Given data =>

++++++++++

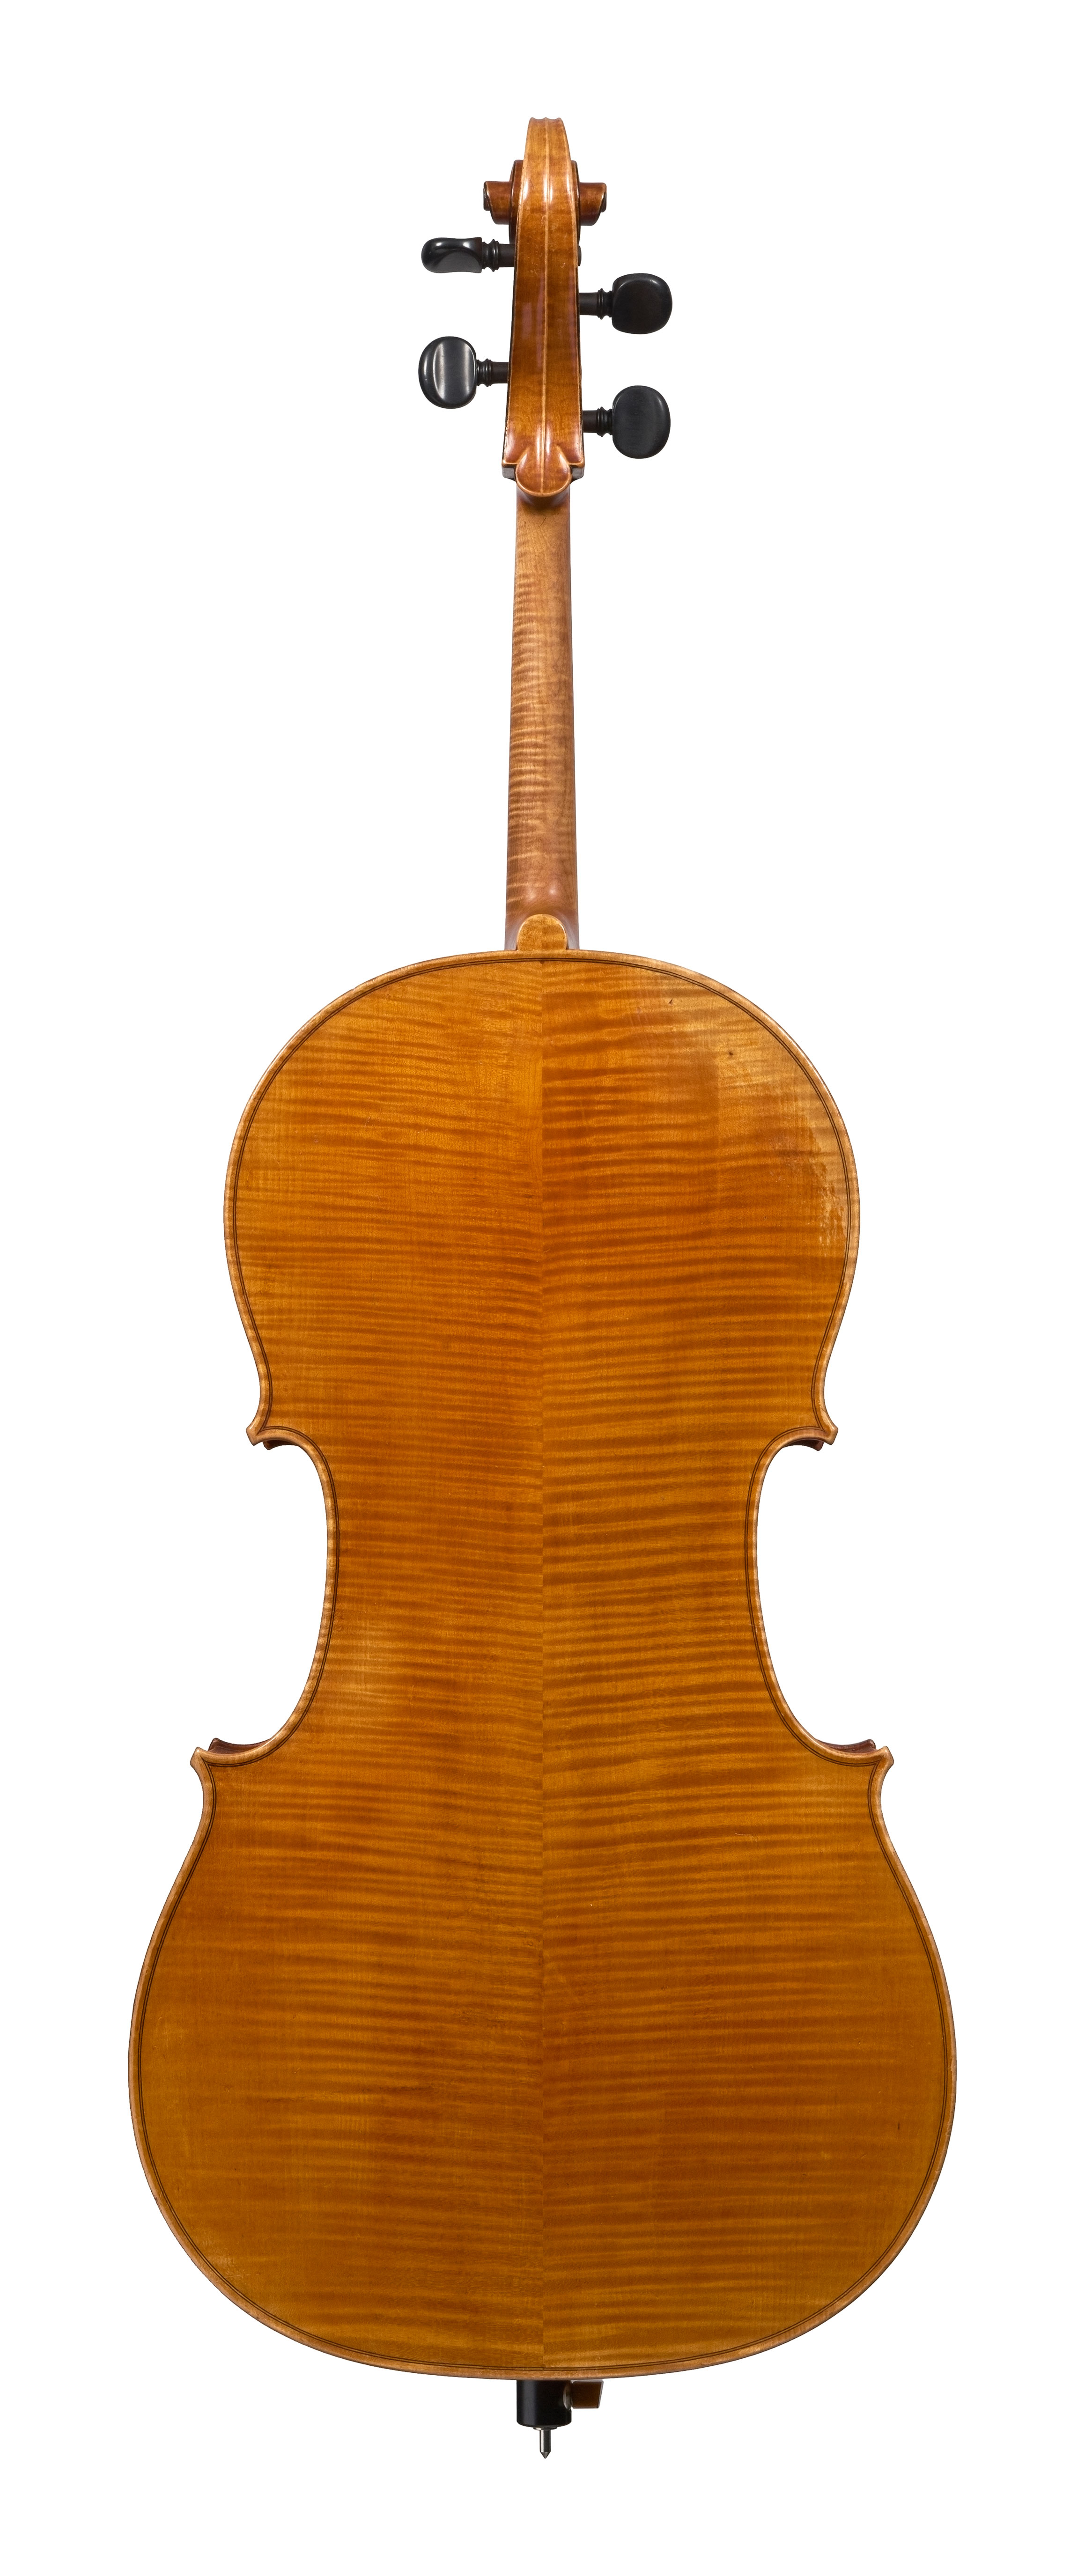 The Ex-vieuxtemps cello made by Jean Baptiste Vuillaume
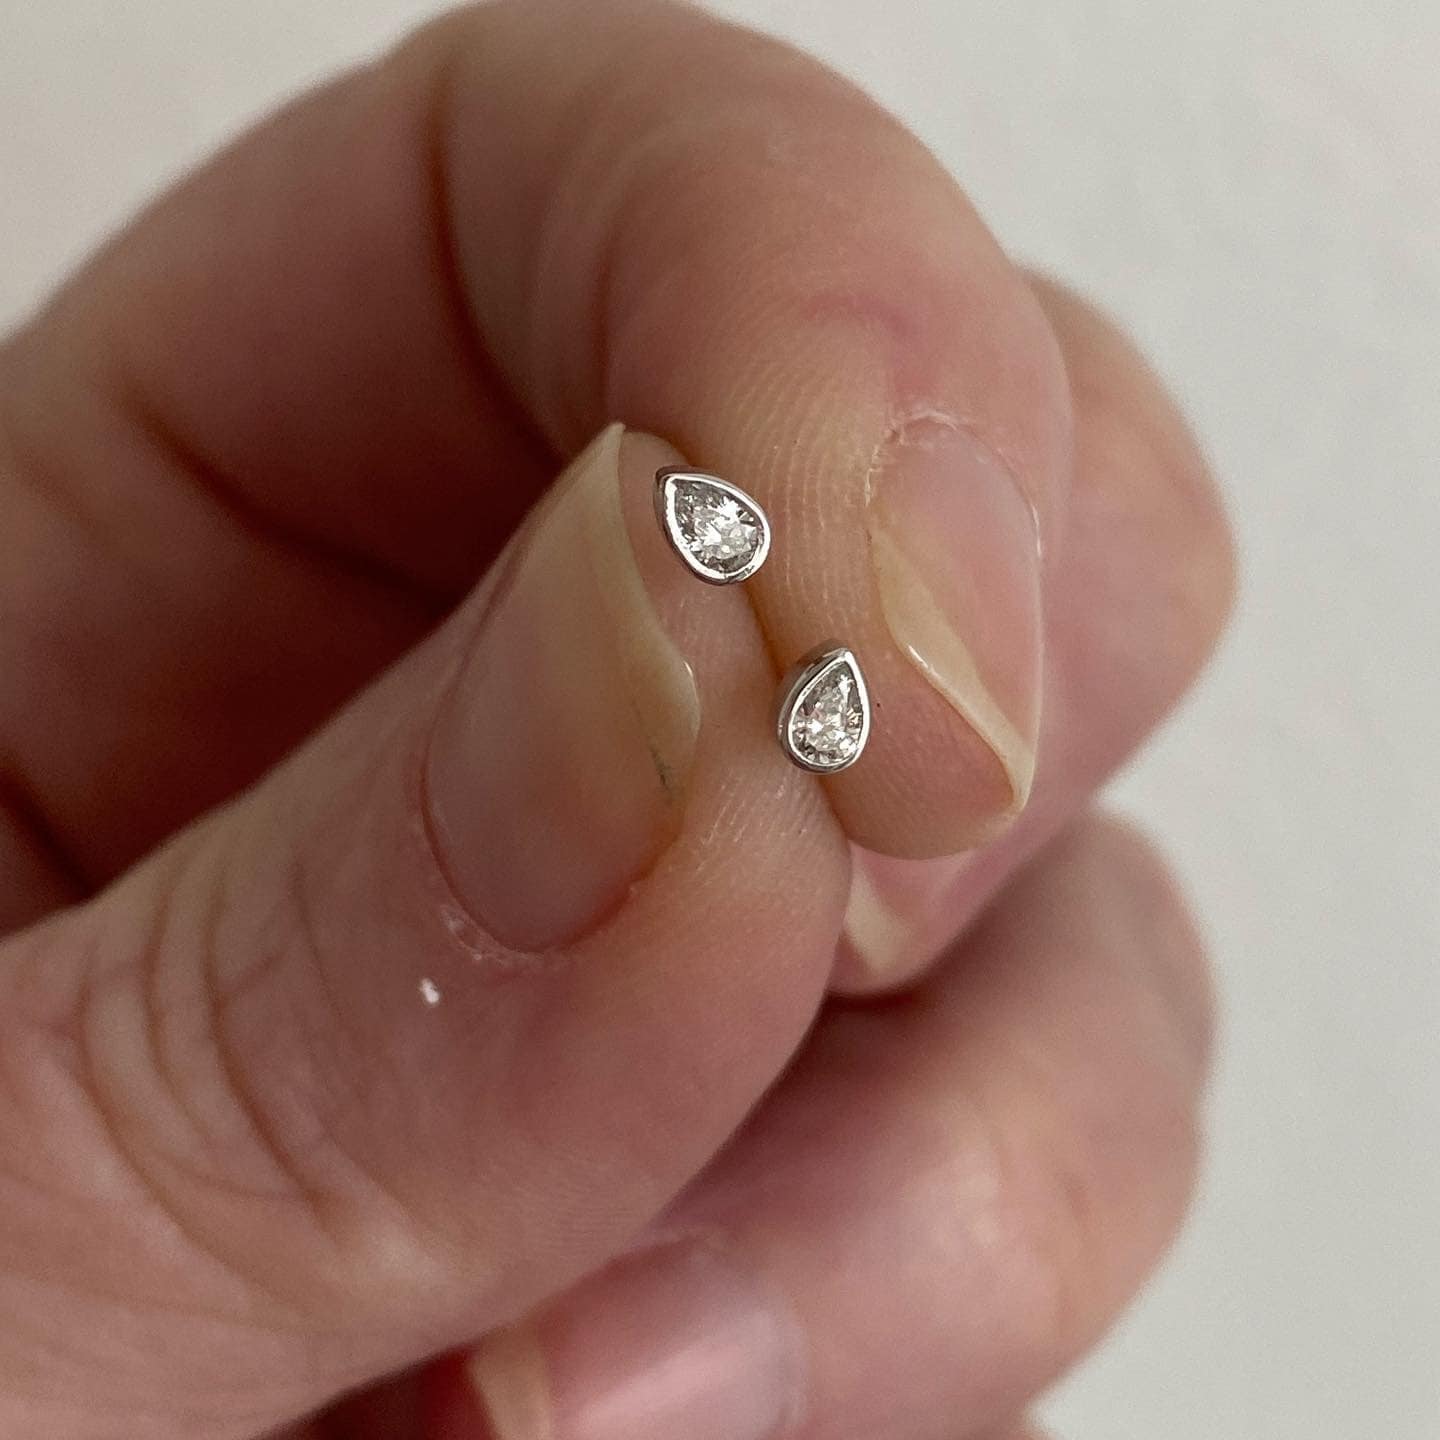 Pear Cut Diamond Stud Earrings in Solid 14K White Gold, Bezel Set, Small, Natural Diamond.
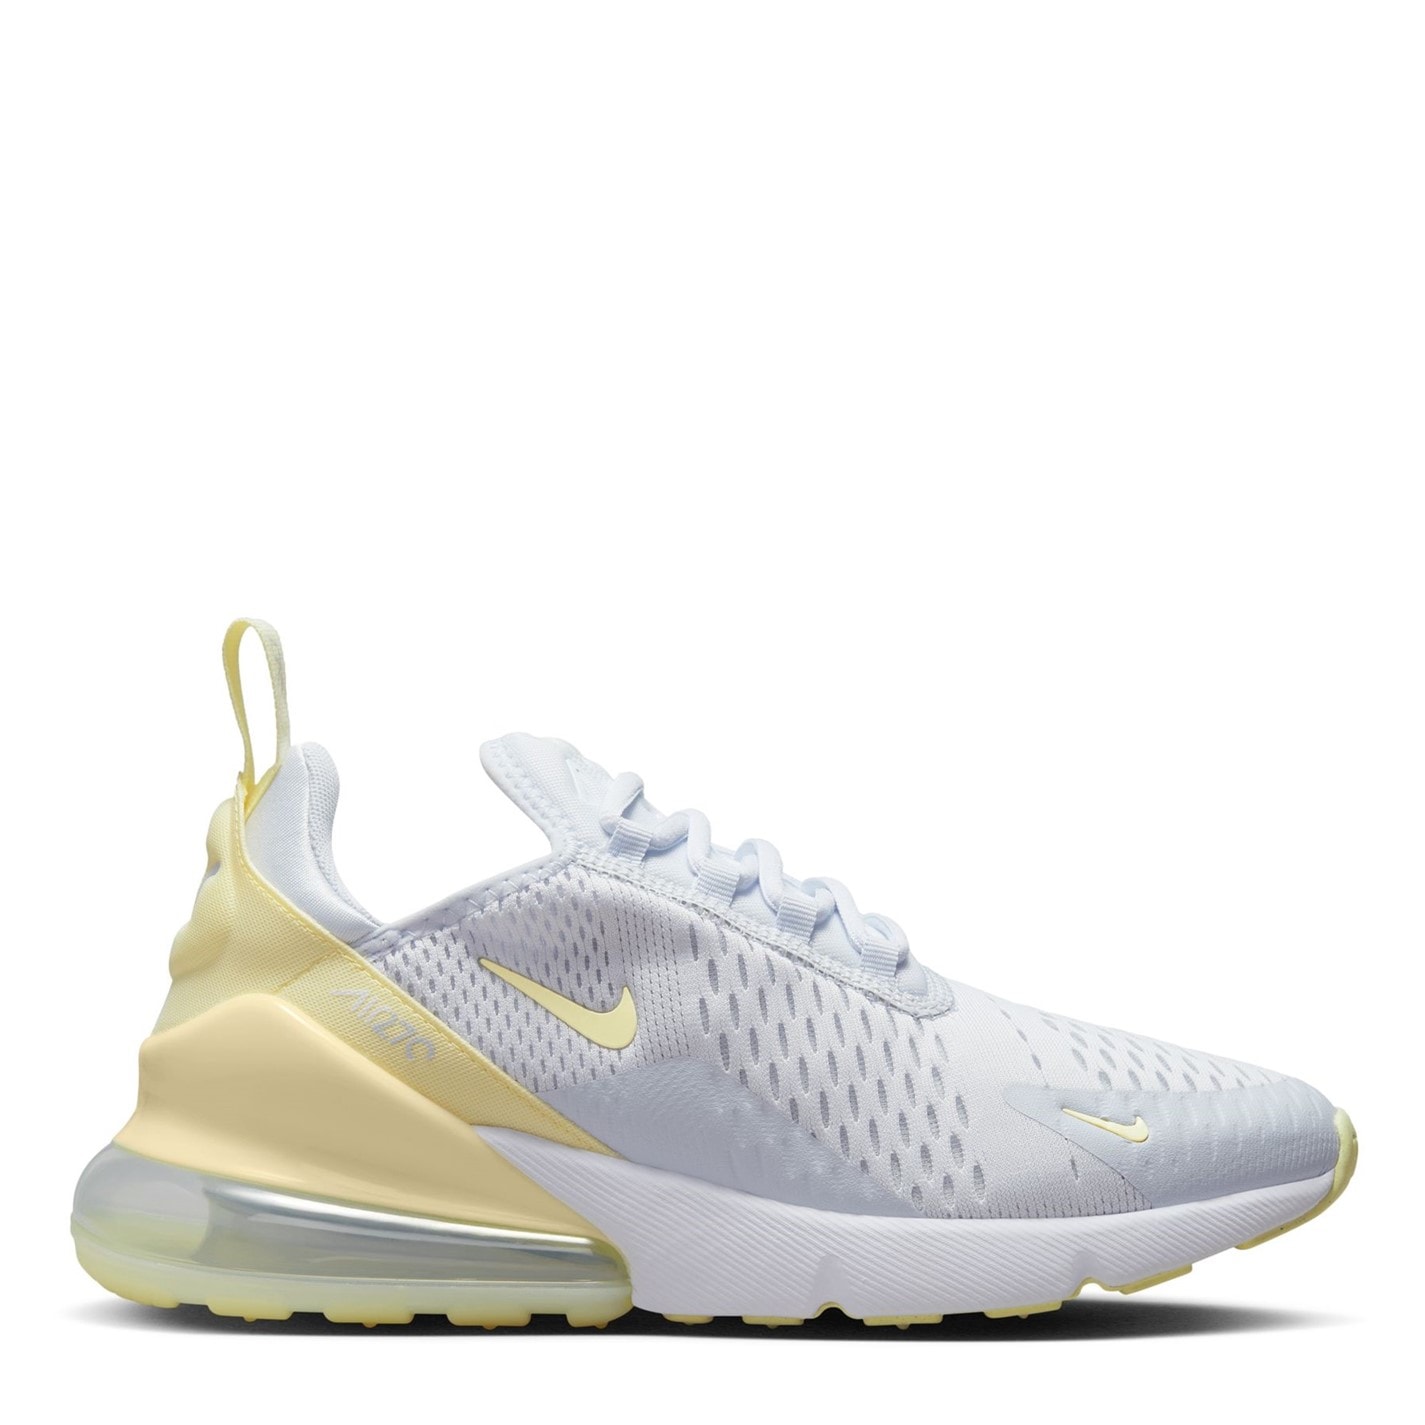 Adidasi sport Nike Air Max 270 pentru Femei alb gri galben

++++++++++

Work to be completed =>
Print the listing word for word but skip its pictures.

Response to this task =>
 The Ex-vieuxtemps cello made by Jean Baptiste Vuillaume
 Pear Cut Diamond Stud Earrings in Solid 14K White Gold, Bezel Set, Small, Natural Diamond.
 Adidasi sport Nike Air Max 270 pentru Femei alb gri galben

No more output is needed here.